EXECUTIVE MANAGEMENT AGREEMENT
                         ------------------------------


     This Agreement is made and entered into as of the 1st day of July, 1994, by
and between MagneTek, Inc. (the "Company"), a Delaware corporation, and The
Spectrum Group, Inc. ("Spectrum"), a California corporation.


                              W I T N E S S E T H :


     WHEREAS, during the past five years, Spectrum has provided the Company with
certain management services as contemplated below pursuant to that certain
Executive Management Agreement (the "Prior Agreement"), dated April 10, 1989,
between the Company and Spectrum; and


     WHEREAS, the Company and Spectrum desire to continue the provision of said
services on the terms and conditions set forth herein.


                                A G R E E M E N T


     NOW, THEREFORE, the Company and Spectrum agree as follows:


SECTION 1.  SERVICES


     A.   The Company hereby retains Spectrum to provide the Company with
executive management services as contemplated herein for the period commencing
on the date first set forth above and ending on July 1, 1999, subject to renewal
as set forth in





Section 3 below.  Such services shall include consultation, advice and direct
management assistance to the Company with respect to operations, strategic
planning, financing and other aspects of the business of the Company.  Spectrum
shall devote such time as is reasonably necessary to provide such services.


     B.   The executive management services contemplated hereby shall be
performed personally by and/or under the personal direction of Andrew G. Galef.


     C.   Spectrum accepts the appointment provided in Section 1.A above and
agrees to provide executive management services to the Company in accordance
with the terms hereof.


     D.   Notwithstanding anything to the contrary herein, in the event Andrew
G. Galef ceases active employment with Spectrum or to provide the personal
services or direction contemplated in Section 1.B above, the Company may
terminate this Agreement upon thirty (30) days' written notice to Spectrum;
except that in the event of Andrew G. Galef's death or disability, the Company
may terminate this Agreement upon six (6) months' written notice to Spectrum.

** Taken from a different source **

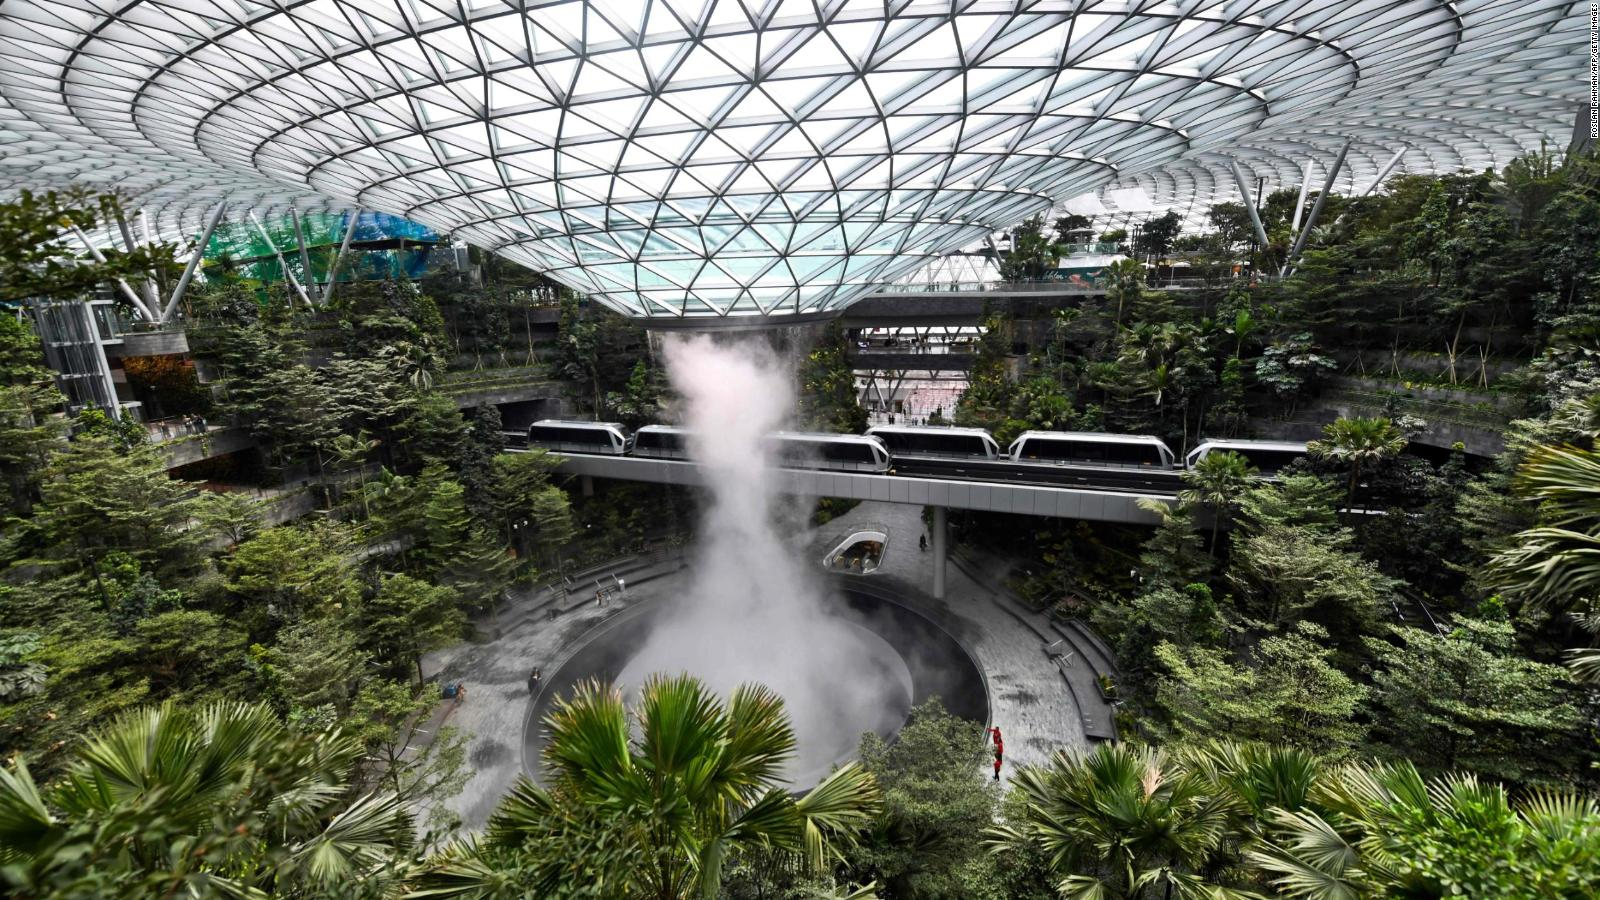 Los 10 aeropuertos más lujosos del mundo entero - Aeropuerto Internacional Changi, Singapur

                                        2





SECTION 2.  CONSIDERATION


     A.   In consideration for the executive management services to be provided
by Spectrum to the Company, during the term of this Agreement the Company shall
pay and Spectrum shall be entitled to receive $732,000 per Company fiscal year,
payable in monthly installments of $61,000, such monthly payments to be made in
advance commencing on the date hereof and continuing thereafter and on the first
day of each succeeding month.  In addition, Spectrum shall also be entitled to
reimbursement for all reasonable out-of-pocket expenses incurred by Spectrum or
its personnel, payable by the Company when billed by Spectrum, in connection
with the performance of Spectrum's duties hereunder.  The fee payable to
Spectrum hereunder shall be adjusted at the commencement of each of the
Company's fiscal years (July 1st) subsequent to the effective date hereof to
reflect the cumulative increase in the Consumer Price Index for the metropolitan
Los Angeles-Long Beach area, as reported by the U.S. Department of Labor, Bureau
of Labor Statistics, during the directly preceding fiscal year and thereafter
shall be adjusted at the commencement of each renewal period to reflect the
cumulative increase in such Consumer Price Index during the prior renewal
period.


     B.   The Company shall pay Spectrum or its designee a bonus in an amount to
be determined by, and within the discretion of, the Compensation Committee of
the Board of Directors; said

                                        3





payment shall be made at the same time payments are made to participants in the
Company's bonus plan.


SECTION 3.  TERM


     This Agreement shall take effect as of the date first above written and
shall continue until July 1, 1999, unless sooner terminated by the Board of
Directors of the Company as a result of criminal misconduct or fraud by Spectrum
or by Andrew G. Galef or as otherwise provided herein.  This Agreement shall
thereafter be renewed, subject to the approval by the Board of Directors of the
Company, for successive annual periods unless the Company or Spectrum terminates
this Agreement by ninety (90) days' notice to the other party prior to the
commencement of a renewal period or unless sooner terminated by the Board of
Directors of the Company as a result of criminal misconduct or fraud by Spectrum
or as otherwise provided herein.


SECTION 4.  PRIOR AGREEMENT TERMINATED


     The Prior Agreement is hereby terminated and neither party thereto shall
have any further liability or responsibility thereunder to the other except to
the extent accrued, but unsatisfied as of the date first set forth above.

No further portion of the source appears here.